Triplet-Block Diffusion RWKV
For practitioners of language modeling, this work addresses the inefficiency of sequential decoding in causal Transformers by integrating efficient linear-time inference with parallel diffusion, though the gains are incremental.
The paper proposes B^3D-RWKV, a diffusion RWKV variant that unifies linear-time causal models with bidirectional discrete diffusion via a triplet-block layout, achieving comparable accuracy on an 8-task suite while delivering a 1.6× average decoding speedup over baselines.

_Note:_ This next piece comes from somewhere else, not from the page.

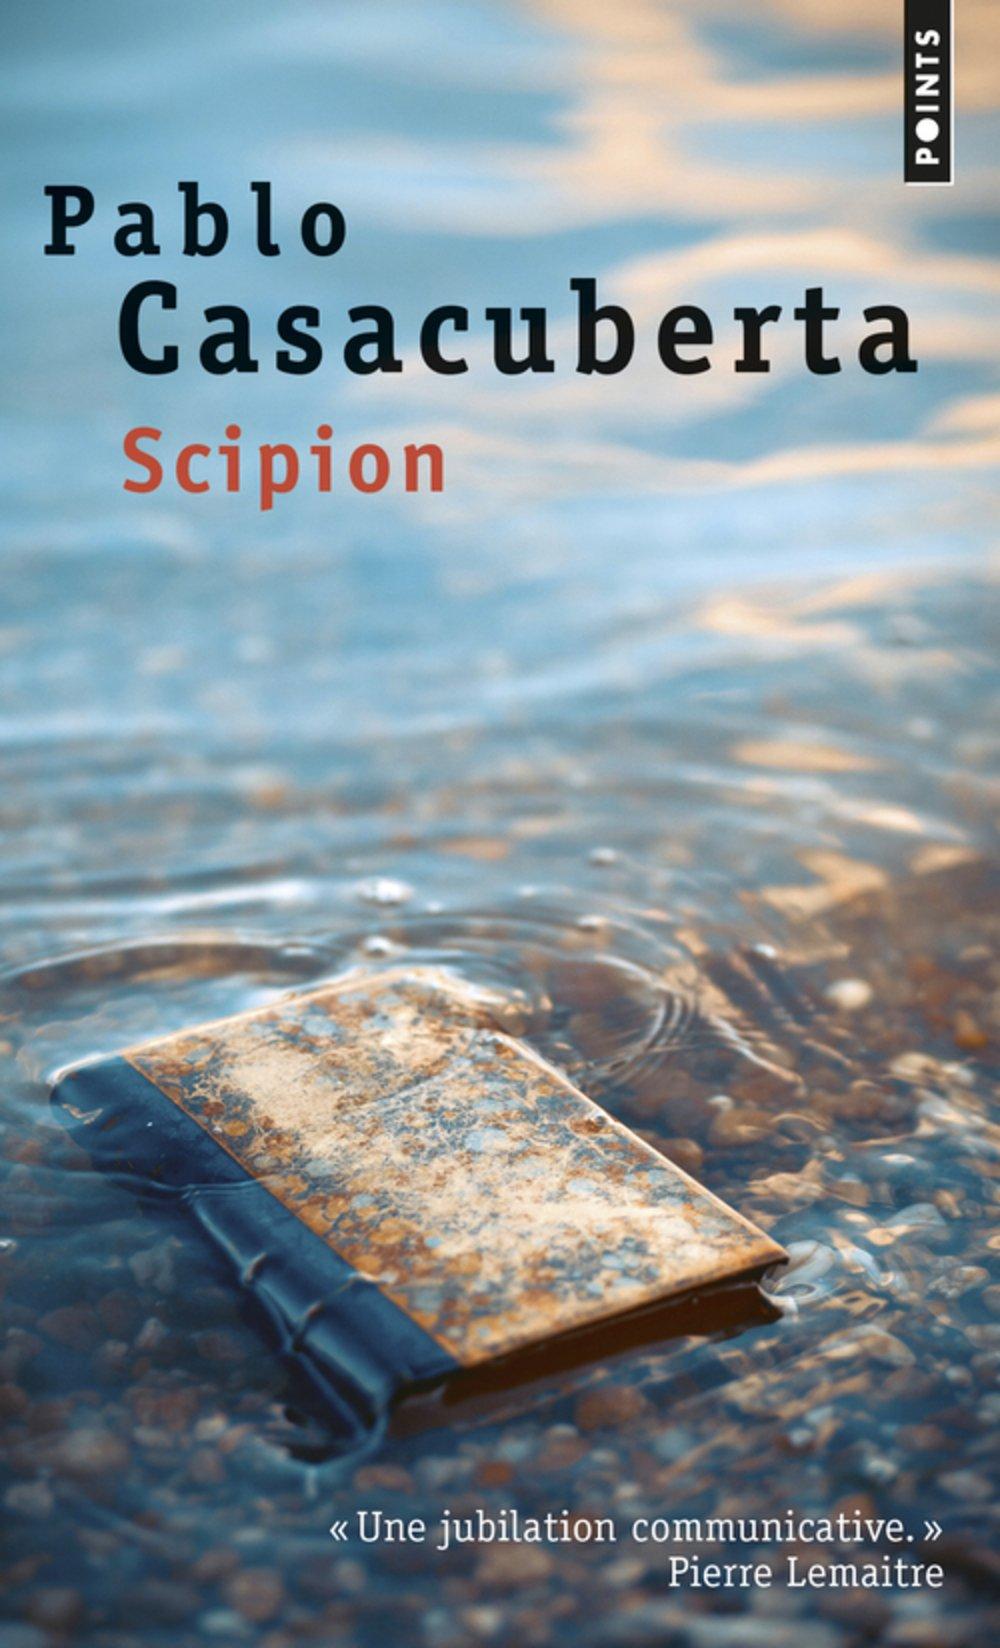 Scipion de Pablo Casacuberta
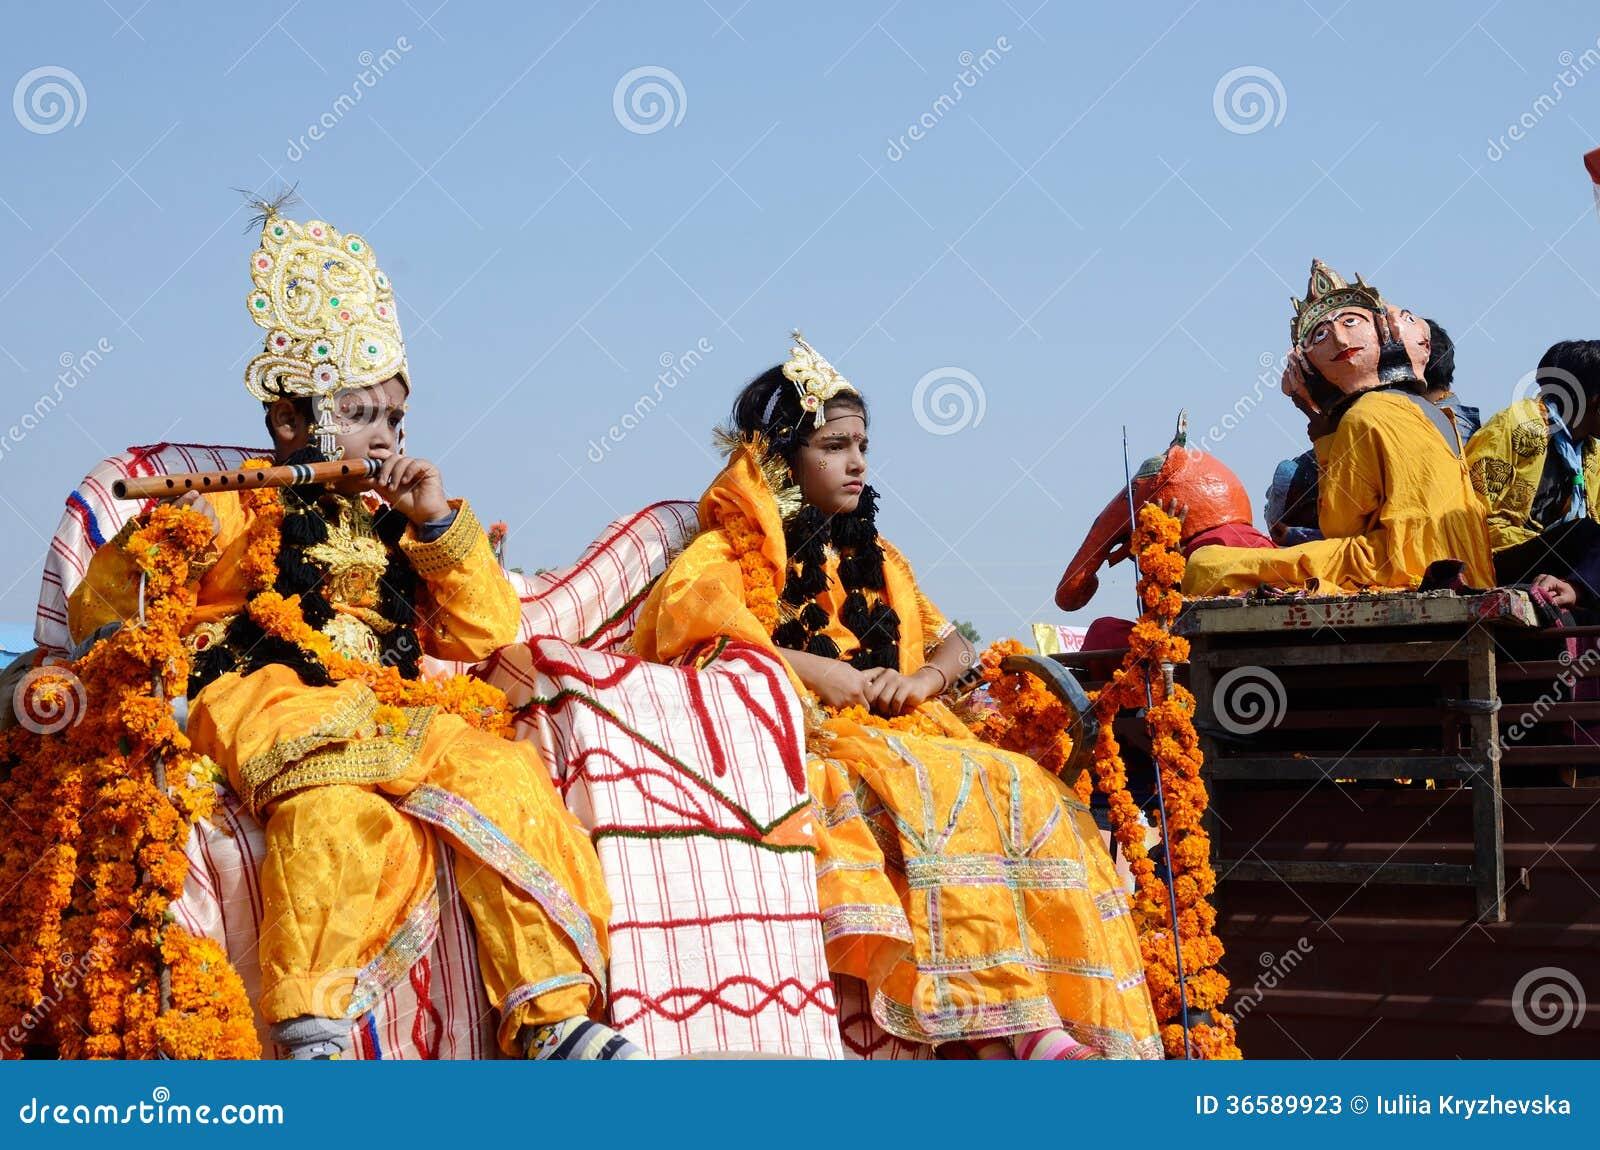 Το αγόρι και το κορίτσι έντυσαν ως Λόρδος Krishna και σύζυγός του Rukmini στην έκθεση βοοειδών Pushkar, Rajasthan, Ινδία

Causal Transformer language models suffer from strictly sequential decoding and a quadratic per-step attention cost. While linear-time causal models and discrete diffusion models each address these weaknesses, their integration remains inherently inconsistent: diffusion requires bidirectional attention, while causal models are unidirectional. To unify these architectures, we propose $B^3D-RWKV$, a diffusion RWKV variant that integrates the model's $O(L)$ inference efficiency with parallel, bidirectional discrete-diffusion through a \emph{triplet-block layout} method. $B^3D-RWKV-7.2B$ reaches comparable accuracy on an 8-task suite versus existing models while significantly outperforming baselines in decoding throughput with an average of $\mathbf{1.6\times}$ speedup.